Por numerosas razones de peso, es muy probable que el cepillo de dientes sea tarde o temprano arrumbado como un vestigio de uso ancestral. Un utensilio, como la piedra pómez, de tiempos en los que el ser humano continuaba repitiendo su prehistoria civil y se trataba, en consecuencia, como a los animales primitivos.

La totalidad de las operaciones de aseo se encuentran mediadas culturalmente a lo largo de Historia y es difícil no constatar  en la tarea de barrer rudimentariamente la dentadura una concordancia con la batería de artificios medievales destinados a quebrantar el cuerpo. El cepillo se clava en los intersticios, remueve en la pulpa sangrante de la ginvitis, se afana sin piedad por cumplir con una delirante función que lo sostiene vibrando sobre las encías y, de acuerdo, a las recomendaciones de la ortodoncia, por un tiempo de insoportable duración tanto para la anatomía como para el equilibrio de la mente.

Son tantas ya las advertencias que la profesión médica ha difundido sobre el mal de las peligrosas bacterias depositadas en los dientes a lo largo del día que el cepillado  enérgico es una verdadera lucha contra el designio de un mal rutinario y tenaz que no busca sino perjudicarnos. Se trata pues, durante el cepillado, de una pugna contra un invasor que ha decidido acosar secretamente  para dejarnos sin dientes o, en la vida adulta, haciéndolo incluso a través de descarnarlos, enflaquecerlos y quebrarlos cuando menos se espera.

De ahí, tras tomar conciencia del peligro, la destacada importancia social que ha cobrado el cepillo en nuestros días donde se comporta  incluso más acusadamente como una suerte de cilicio bucal, una disciplina contra el desorden, el pensamiento irreflexivo o la desidia culpable.

Frente a todos estos pecados, el cepillo materializa la razón superior y la justeza del orden clínico. Viene a flagelarnos la boca pero ¿cómo no caer en la cuenta que su propósito es además de limpiar nos ajusticia por los excesos y nos inflinge penitencia? Según la Asociación Dental Estadounidense, dice la Wikipedia, el primer cepillo de dientes lo creó en 1498 un emperador chino que puso nada menos que cerdas de puerco en un mango de hueso. Los mercaderes que visitaban China introdujeron ese cepillo entre los europeos que, sin embargo no lo usaron comúnmente  hasta el siglo XVII.

En aquellos tiempos, duros en tantos aspectos, los europeos eligieron disminuir la severidad del cepillo utilizando "cerdas" más blandas  a base de pelos de caballo. No era avanzar mucho pero se consideró un paso indulgente tras la herencia recibida de los chinos.

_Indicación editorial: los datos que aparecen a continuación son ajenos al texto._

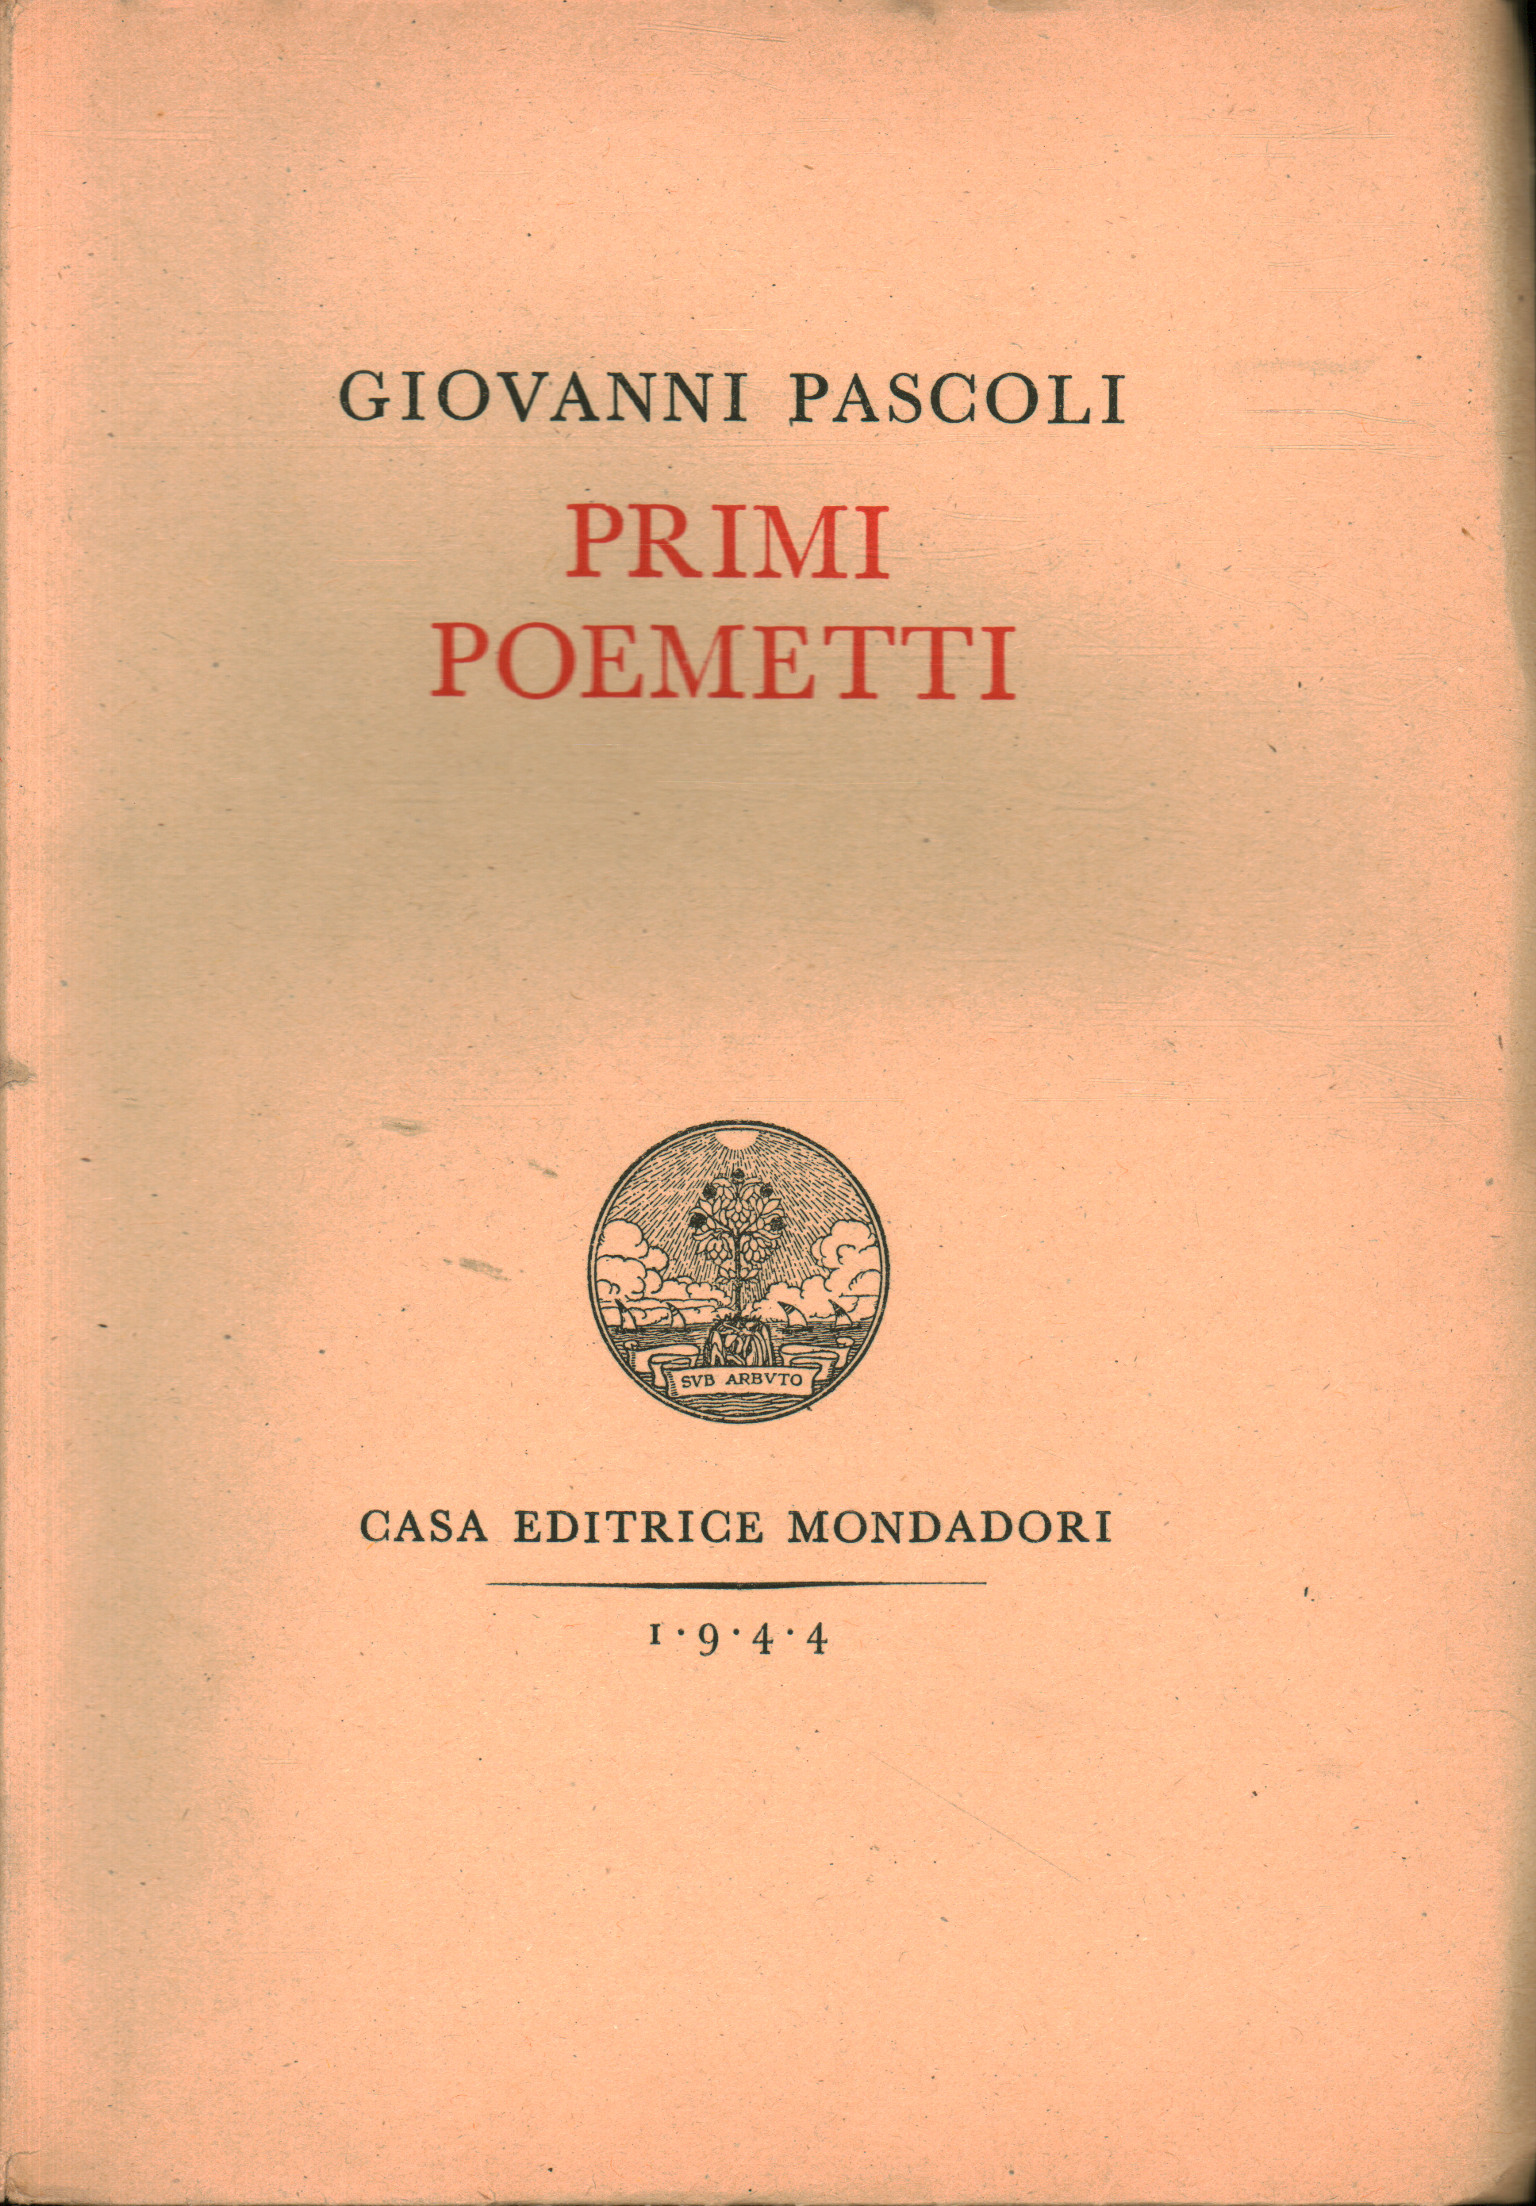 Primi poemetti, Giovanni Pascoli

 También era habitual mondarse los dientes tras la comida con una pluma de ave o utilizar mondadientes de bronce o de plata pero esto tiene otro sentido acaso más inútil y más humano que aquél. Se practicó incluso un método más antiguo a base de limpiarse los dientes con un trozo de tela que utilizaban ya los romanos y que en gran medida evoca a la manera en que se limpian  los zapatos, otra suerte de trato con un duro animal.

En cualquier caso, los cepillos no se popularizaron en Occidente  hasta el siglo XIX y ya  entonces su rutina se tomaba como un engorro como prueba que hasta nuestros días sea aún necesario forzar a los niños para que cumplan con esta obligación, desde todos los frentes opuesta al espíritu de los juegos.

El cepillo de dientes es, sin duda alguna, un instrumento de disciplina y su aplicación al final del día constituye una suerte de acto sacrificial por todo el mal que haya podido cometerse a partir especialmente de la boca, sea en el decir, en el masticar, en el besar o en el toser. Todos los vestigios de acciones realizadas torcidamente aún sin redimir se concentran en la noche, ante el espejo, precisamente en el momento de mayor debilidad del cuerpo y cuando el sueño induce a abandonarlo todo y no, precisamente, impulsa a acometer una quehacer tan rudamente antihumano. Porque ¿quién duda de que el cepillo de dientes es la siniestra ratificación de huesos de nuestro esqueleto?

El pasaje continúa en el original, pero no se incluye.